*El rencor social exacerbado y sin control no se desahogará en protestas callejeras, vidrios rotos, incendios y uno que otro muerto. Lo hará de idéntica manera a como los turcos e iraquís se deshacen de los kurdos, o en una balcanización en la que las ideas y la fe serán dejada de lado para destruir propiedades y colgar fifís como los independentistas de la Nueva España salieron a coger gachupines
Gregorio Ortega Molina
No lo demos vueltas a los torcidos propósitos de la propaganda y la desinformación. Imposible establecer analogías o identificar avisos entre lo que sucede en Estados Unidos como consecuencia del asesinato de George Floyd, y el agravio contumaz con el que AMLO atiza todos los días la confrontación social, pero todavía no se manifiesta en todo su esplendor.
Claro que los mexicanos somos racistas aquí, y además lo padecemos en el territorio de nuestro más importante socio comercial. Es claro, y sin necesidad de recurrir al diccionario ni a la sociología para saber qué es el racismo, porque las palabras pueden describirlo en un solo vocablo: desprecio. Sí, absoluto y olímpico desprecio a los considerados inferiores. Pueden ser esclavos, o simplemente morir.
Alberto Ortega me hace la observación certera: el ejército del norte derrotó a los sureños y ganó la guerra civil en Estados Unidos, pero perdió la batalla del modelo educativo y la conformación ideológica de las generaciones que hoy gobiernan. Desprecian a los que no son como ellos. Por eso puede morir George Floyd, aunque también por ello vivió Rosa Parks. ¡Vaya contradicción!
Aquí el desprecio se tolera y se resuelve. Allí está la frase: como te ven, te tratan. Lo que hayas sido puedes dejar de serlo, con educación, cultura, ética profesional, honestidad intelectual, honradez… pero lo que no se pierde es el rencor social –cuya principal fuerza y consecuencia a la vez, es el odio al de arriba, a lo que no se puede ser, a lo que no se alcanza-, que se cultiva, atesora, se exhibe, se alienta. De ahí que aquellos que resuelven su condición social hagan a un lado a los que los vieron surgir de la nada, a los que fueron testigos de sus humillaciones, de sus momentáneos fracasos y su desesperación. Mi padre me lo explicó con un ejemplo del momento:
“Luis Echeverría Álvarez dejó de tener cerca a Melchor Sánchez Jiménez, a Aurora Cervantes y otros, para que no le recordaran su trayecto a la silla presidencial”. Los disminuyó. Los premió poquito, en cambio a los recién llegados los encumbró.
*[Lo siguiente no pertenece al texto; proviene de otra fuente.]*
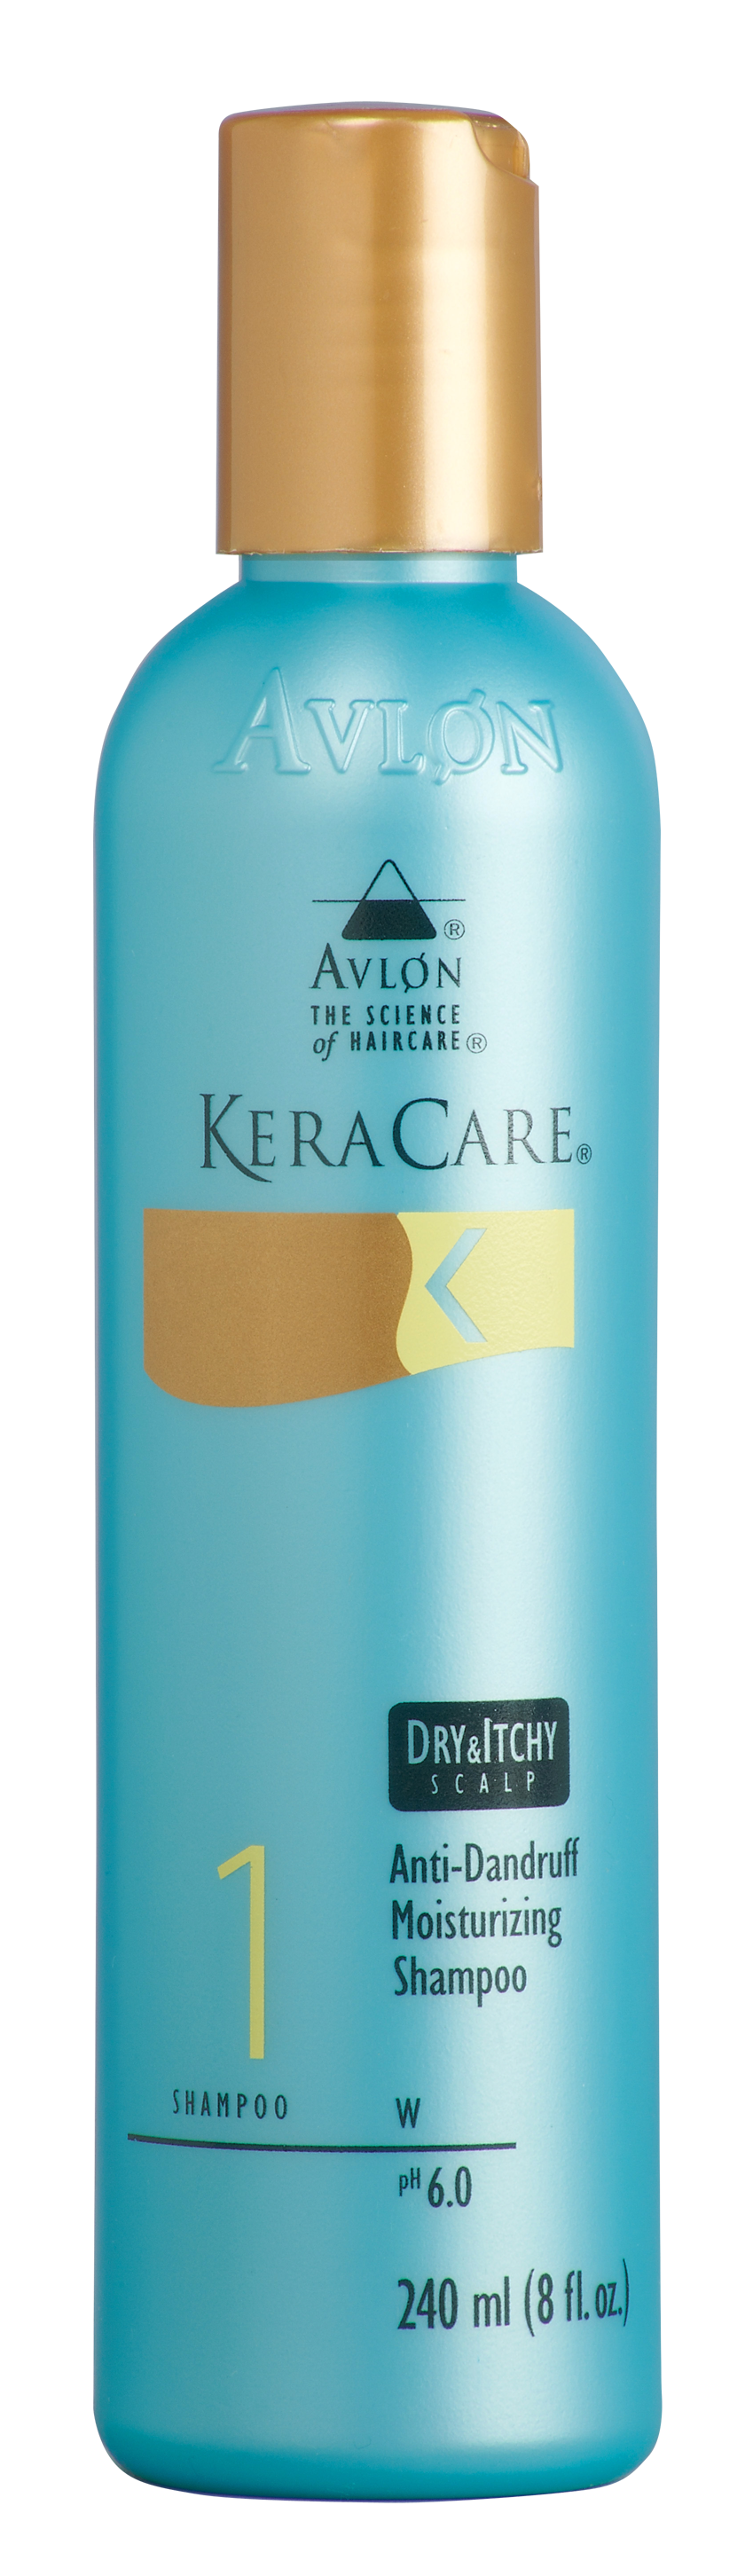 KeraCare Dry& Itchy Anti- Dandruff Moisturizing Shampoo

A estas alturas César Yánez y Alfonso Romo debieron registrar el hecho y aprendido la lección.
Pero el rencor social -que es odio químicamente puro- exacerbado y sin control no se desahogará en protestas callejeras, vidrios rotos, incendios, vehículos golpeados, heridos y uno que otro muerto. Lo hará de idéntica manera a como los turcos e iraquís se deshacen de los kurdos, o en una balcanización en la que las ideas y la fe serán dejadas de lado para destruir propiedades y colgar fifís como los independentistas de la Nueva España salieron a coger gachupines.
Es obvio que el predicador de Macuspana sabe lo que hace, pero ya es momento de preguntarnos si ha medido el tamaño de las consecuencias de esta confrontación social, este odio entre mexicanos que está cultivando. El cambio no es por ahí, como lo dicen sus santones Ibarra y Zepeda, y tampoco se le desea mal alguno, porque el único responsable del incendio de México es AMLO, sólo él.
Anhelo de manera ferviente que haya rectificación, que transiten a la reforma del Estado y desechen la idea de restaurar la presidencia imperial, porque de no hacerlo no se requerirá de un George Floyd, sino de que quieran agandallarse las elecciones de 2021. Si el Covid-19 no llama a la puerta, seremos testigos del trágico desenlace.